7:57 min. - C’était dans l’enthousiasme qu’on voyait revenir le mois d’août, la période de l’année où on retournait dans le bois. Chez les Bellefleur de Unaman-shipu (La Romaine), on comptait une dizaine de canots et cinq ou six tentes. Il fallait se rendre à un endroit qu’on appelait « Ushakamesh » (là où il y a beaucoup de poissons).

Transcription

Zacharie Bellefleur - C'était dans l'enthousiasme qu'on voyait revenir le mois d'août, la période de l'année où on retournait dans le bois. Chez les Bellefleur de Unaman-shipu (La Romaine), on comptait une dizaine de canots et cinq ou six tentes. Le trappage commençait le 3 novembre. Donc, il fallait se rendre avant cette date à un endroit qu'on appelait « Ushakamesh » (là où il y a beaucoup de poissons).

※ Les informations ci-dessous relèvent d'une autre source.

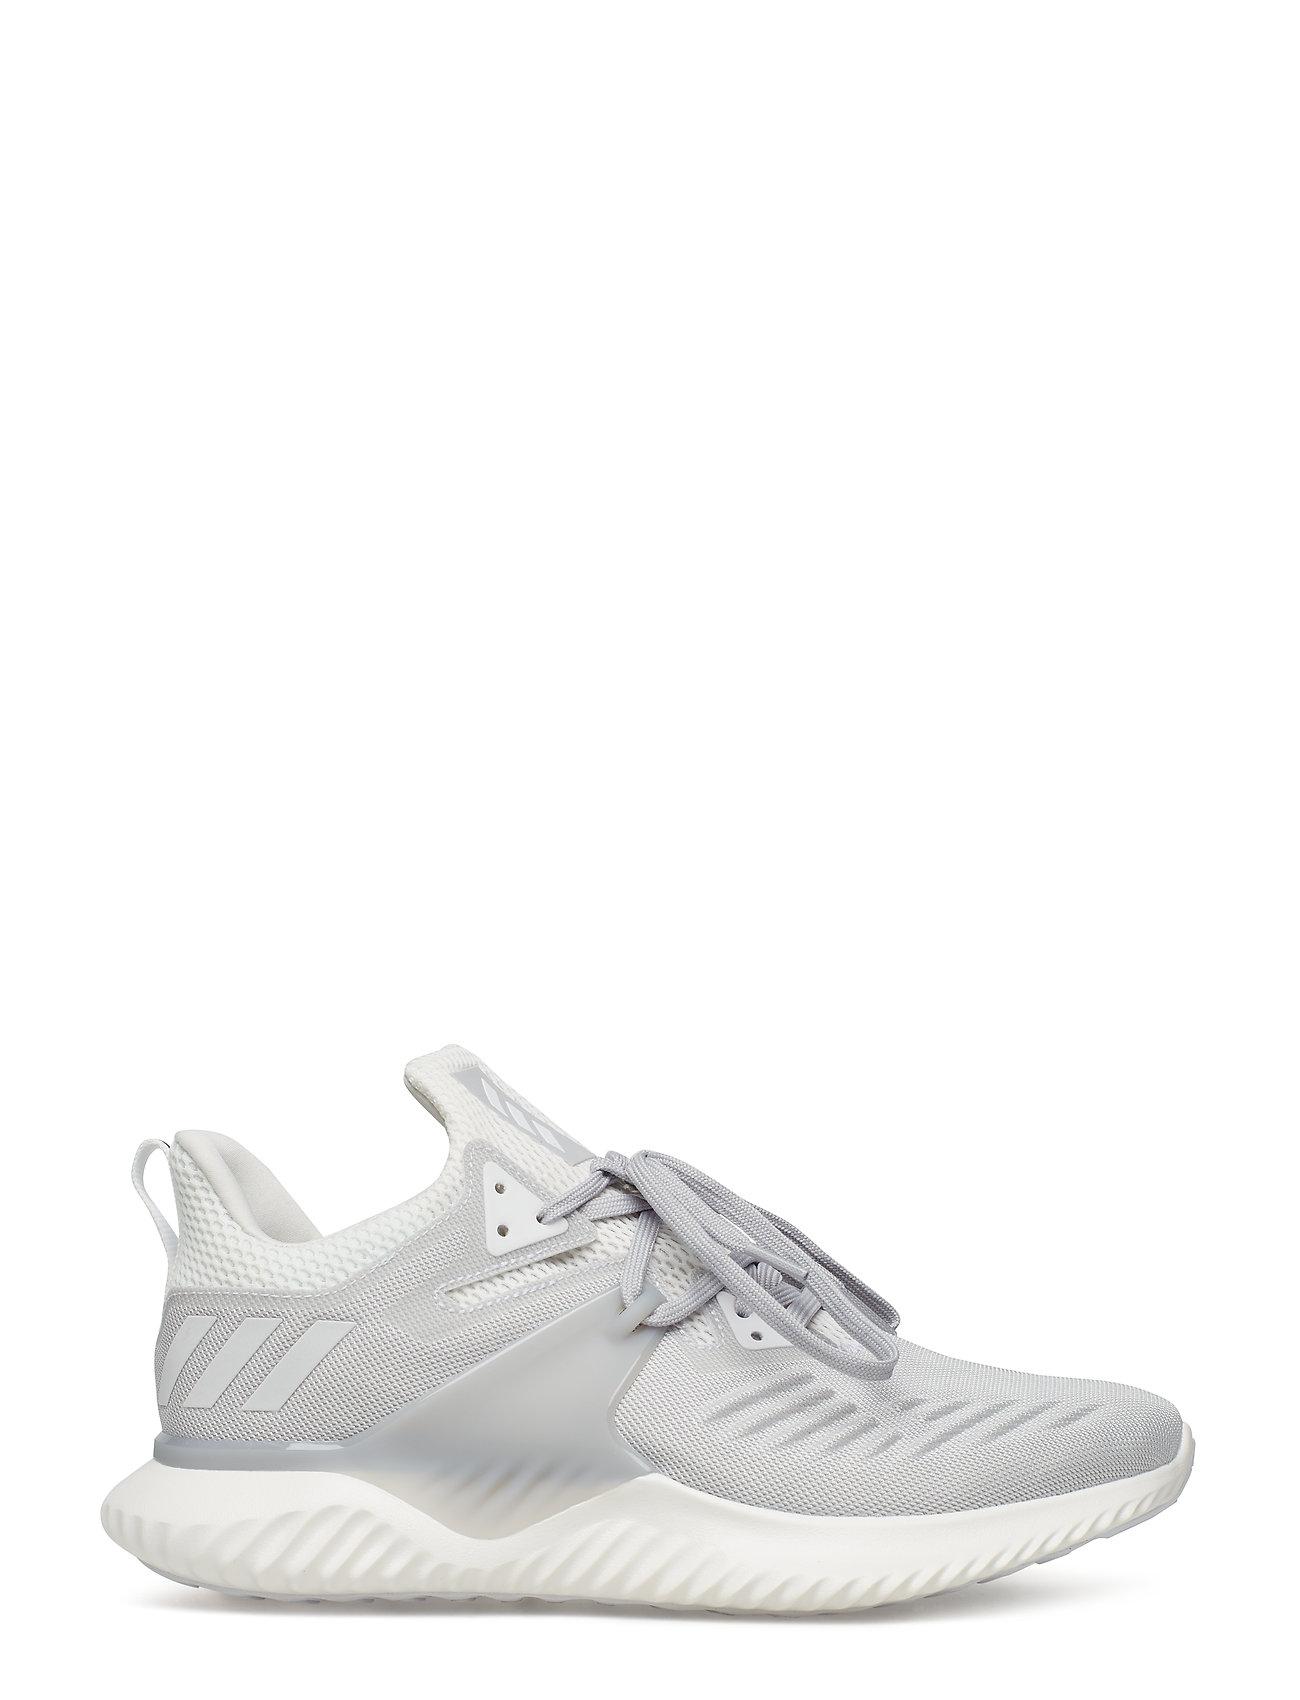 Køb adidas Alphabounce Beyond Hvid bedste pris online

Pas très loin du départ, à l'embouchure de la rivière, nous campions pour la première fois. C'est qu'on y trouvait une abondance de graines rouges et le capitaine le savait. Chez nous, dans le clan Bellefleur, c'était le grand-père Penashue qui était le capitaine. Après le trappage, nous commencions à redescendre vers le village, étape par étape, selon les caches (« tshesheshipitakan ») où nous avions laissé des provisions. À la fonte des neiges, nous étions rendus au village.

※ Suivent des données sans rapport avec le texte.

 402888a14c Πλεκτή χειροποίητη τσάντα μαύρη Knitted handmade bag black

Narration - Zacharie Bellefleur se souvient d'un voyage avec sa famille alors qu'il était encore enfant, un voyage dans le territoire traditionnel, en direction de Tshishe-shastshit. À mi-chemin de l'expédition, dans un portage quelque part entre Unaman-shipu et Tshishe-shastshit, les Bellefleur trouvèrent une lettre sur un arbre. Cette lettre recommandait aux voyageurs de s'en retourner d'où ils venaient puisqu'une épidémie de rougeole frappait Tshishe-shastshit. Penashue Bellefleur et son clan durent faire volte-face et repartir vers Unaman-shipu. Si un décès survenait dans le territoire traditionnel à la suite d'un accident ou d'une mort subite, on enfermait la dépouille dans un coffrage de bois que l'on plaçait sur une île. Au retour, en redescendant vers la côte, la famille récupérait le corps pour l'amener au village.

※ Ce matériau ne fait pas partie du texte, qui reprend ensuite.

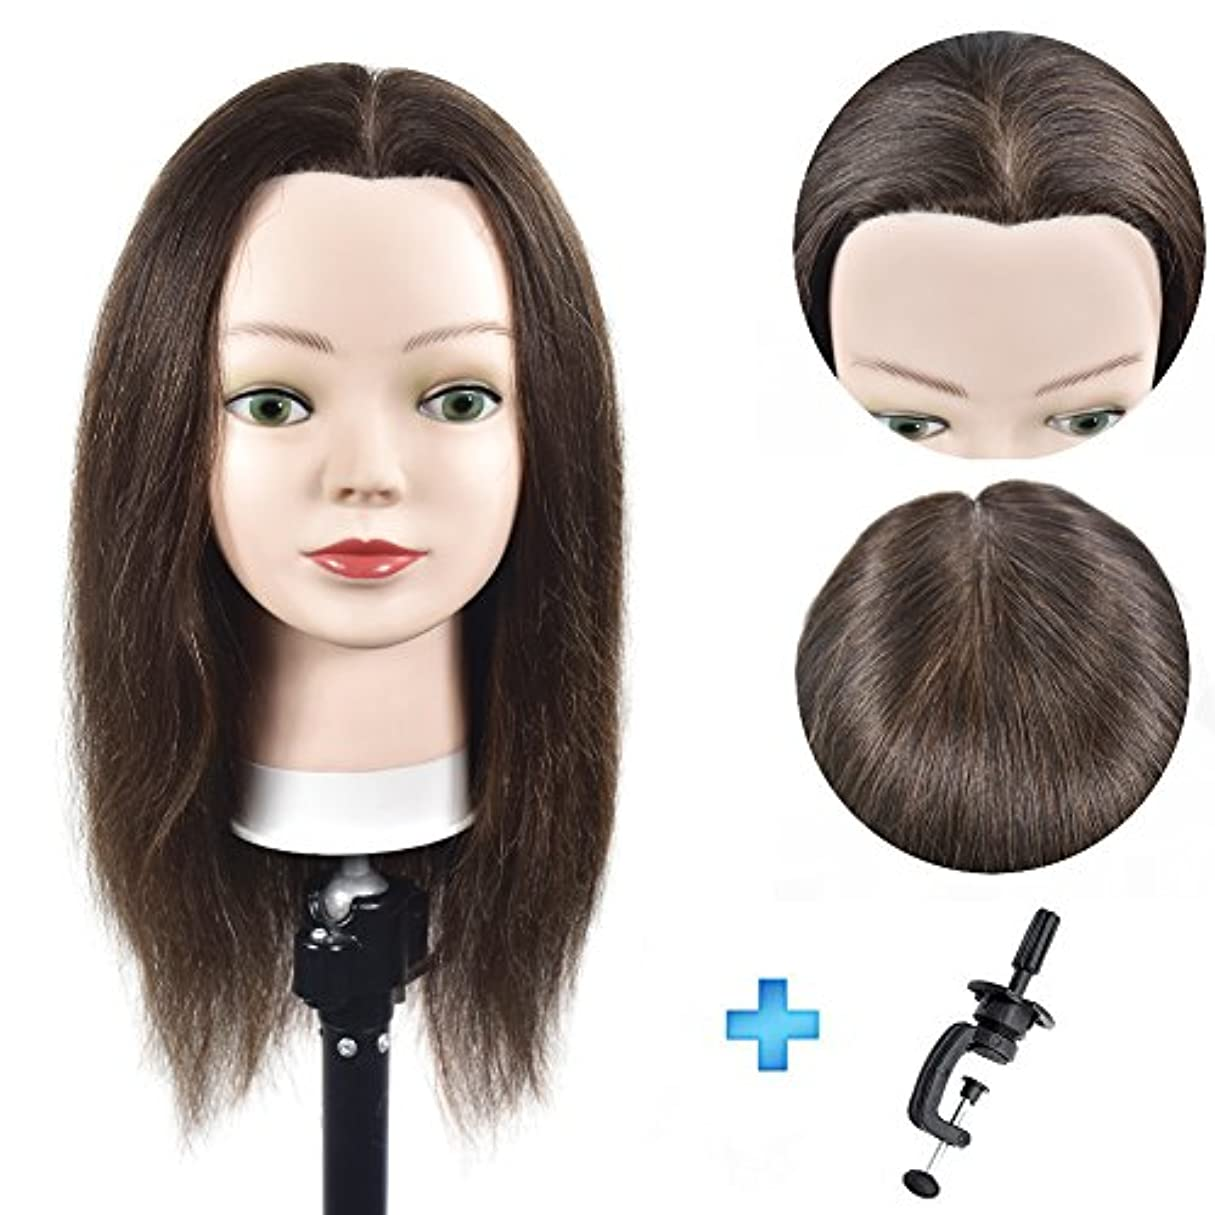 誠実アルミニウムパンダ16インチマネキンヘッド100%人間の髪の美容師のトレーニングヘッドマネキン美容師の人形ヘッド(テーブルクランプスタンドが含まれています)

Louis Basile - Mon grand-père vivait en forêt à l'année longue, il partait à l'automne et restait même l'été. Plutôt que de gagner la côte en juillet, il s'en allait vers Mushuat, la toundra, là où il n'y a ni mouche, ni arbre, mais du vent. Lorsque nous partions en portage vers la rivière Saint-Jean, nous la descendions jusqu'à la rivière Romaine. Ensuite le lac Brûlé, puis Atikunuk, toujours en direction de Goose Bay. Autrefois, ces portages étaient larges. Maintenant ils sont bouchés. Dans ces voyages, nous amenions un peu de nourriture, de la farine, du thé, de la graisse, etc., et un peu de tabac. Quand il ne nous restait presque plus rien, c'était le signal pour arrêter et nous mettre à chasser pour notre nourriture. Après, nous placions nos premiers pièges à fourrure. Plusieurs familles campaient ici et là, dans différents endroits, et ne se voyaient qu'aux trois ou quatre mois. C'était l'aîné qui décidait de tout, incluant l'endroit où nous irions camper l'automne. Ils se parlaient entre aînés et, nous autres, nous suivions. Si je vais en forêt pour une période de deux à trois mois, je sens que je dois me servir des enseignements de mon grand-père. Et c'est ce que je fais.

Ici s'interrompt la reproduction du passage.